Haverhill is a town and the seat of Grafton County, New Hampshire, United States. The population was 4,585 at the 2020 census. Haverhill includes the villages of Woodsville, Pike, and North Haverhill, the historic town center at Haverhill Corner, and the district of Mountain Lakes. Located here are Bedell Bridge State Park, Black Mountain State Forest, Kinder Memorial Forest, and Oliverian Valley Wildlife Preserve. It is home to the annual North Haverhill Fair.

==History==

Settled by citizens from Haverhill, Massachusetts, the town was first known as "Lower Cohos". This Lower Cohos name is derived from the original Abenaki people who had a base for agriculture here. It was incorporated in 1763 by colonial Governor Benning Wentworth, and in 1773 became the county seat of Grafton County. Haverhill was the terminus of the old Province Road, which connected the northern and western settlements with the seacoast. By 1859, when the town had 2,405 inhabitants, industries included three gristmills, twelve sawmills, a paper mill, a large tannery, a carriage manufacturer, an iron foundry, seven shoe factories, a printing office, and several mechanic shops. The town is home to the oldest documented covered bridge in the country still standing—the Haverhill–Bath Bridge, built in 1829.

The village of Woodsville, named for John L. Woods of Wells River, Vermont, was once an important railroad center. Woods operated a sawmill on the Ammonoosuc River, and developed a railroad supply enterprise following the establishment of the Boston, Concord & Montreal Railroad. The village of Pike was settled by future employees of the Pike Manufacturing Company, which was once the world's leading manufacturer of whetstones.

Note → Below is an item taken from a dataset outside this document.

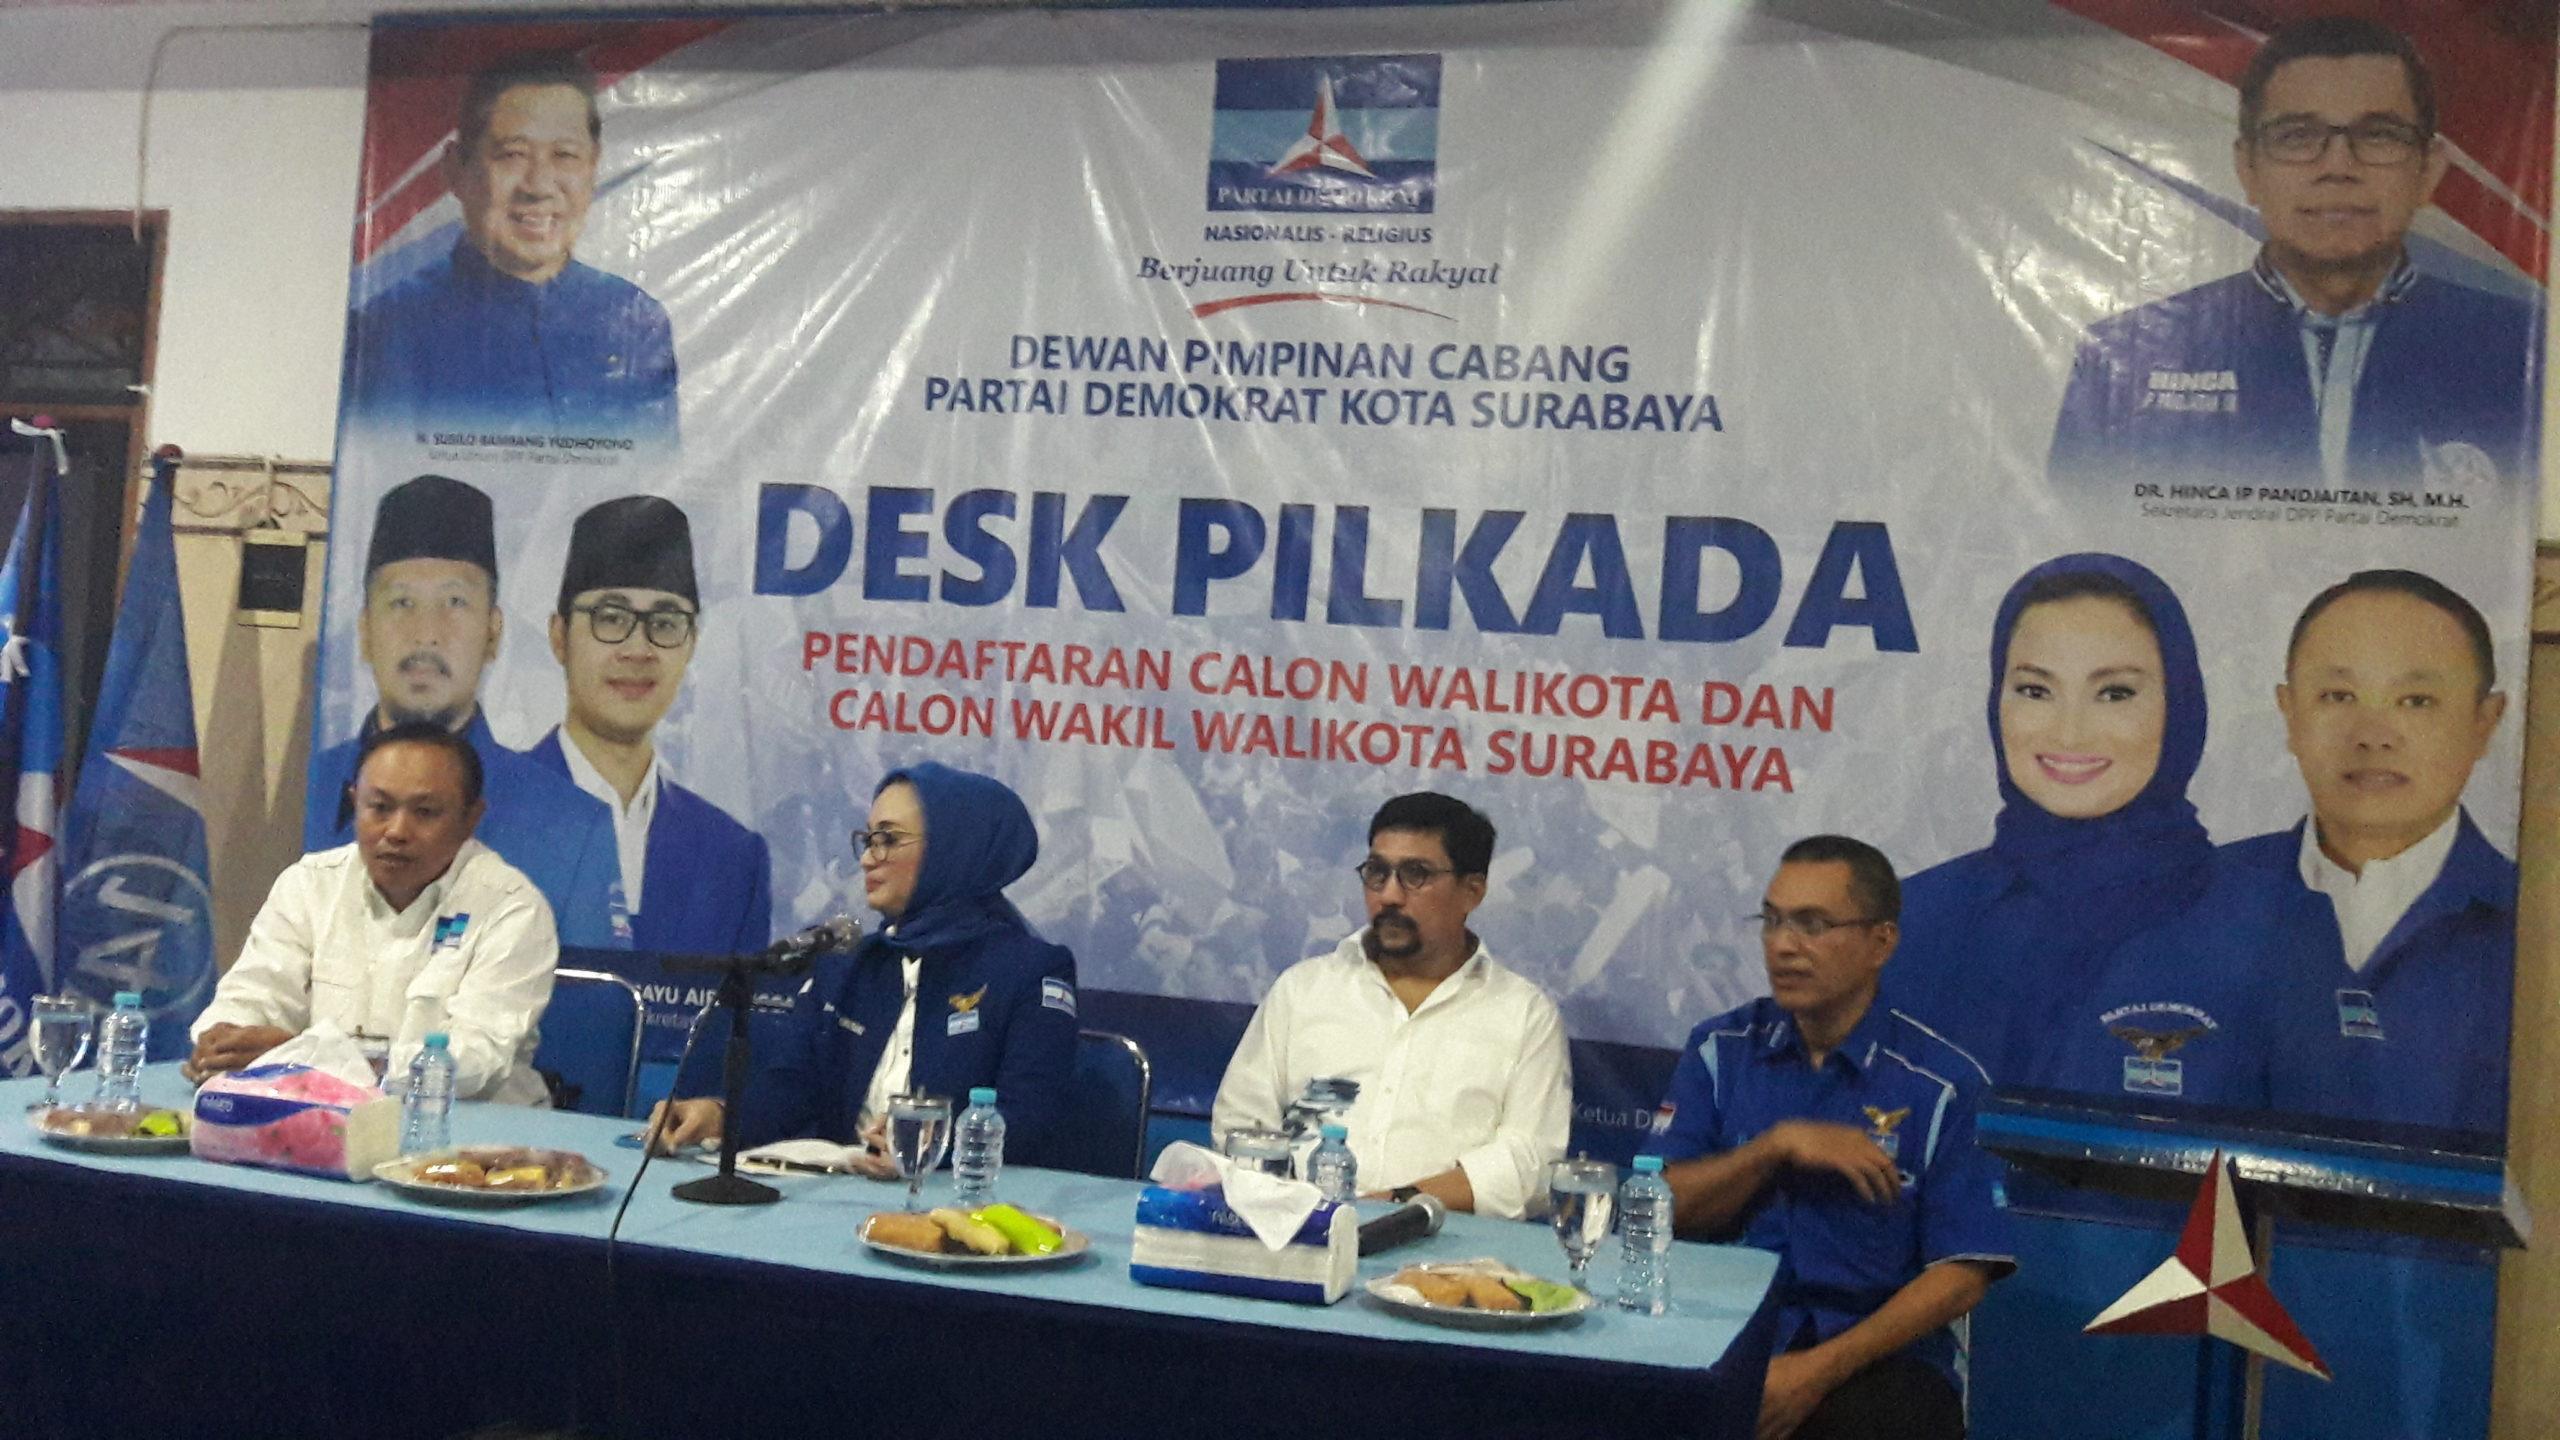 bacawali Surabaya Irjen Pol (Purn) Machfud Arifin giliran melamar ke Partai Demokrat untuk diajak membangun koalisi di Pilwali Surabaya

While the village of Haverhill Corner was historically considered to be the primary settlement in town, the town's municipal offices are currently located in the village of North Haverhill, with Grafton County's offices and courthouse located just two miles farther north along Route 10. The county seat offices were located in Woodsville until 1972, when the administrative offices relocated to rural land halfway between Woodsville and North Haverhill.

The village of Woodsville is now the commercial center of Haverhill and its smaller surrounding towns, including several in Vermont. Woodsville is home to the town's supermarkets, pharmacies, banks (including the headquarters of the regional Woodsville Guaranty Savings Bank), state liquor store, and most of its restaurants and chain stores, although a few are located in North Haverhill. The town's elementary and high schools, along with Cottage Hospital, a critical-access hospital serving the area, are all located in Woodsville.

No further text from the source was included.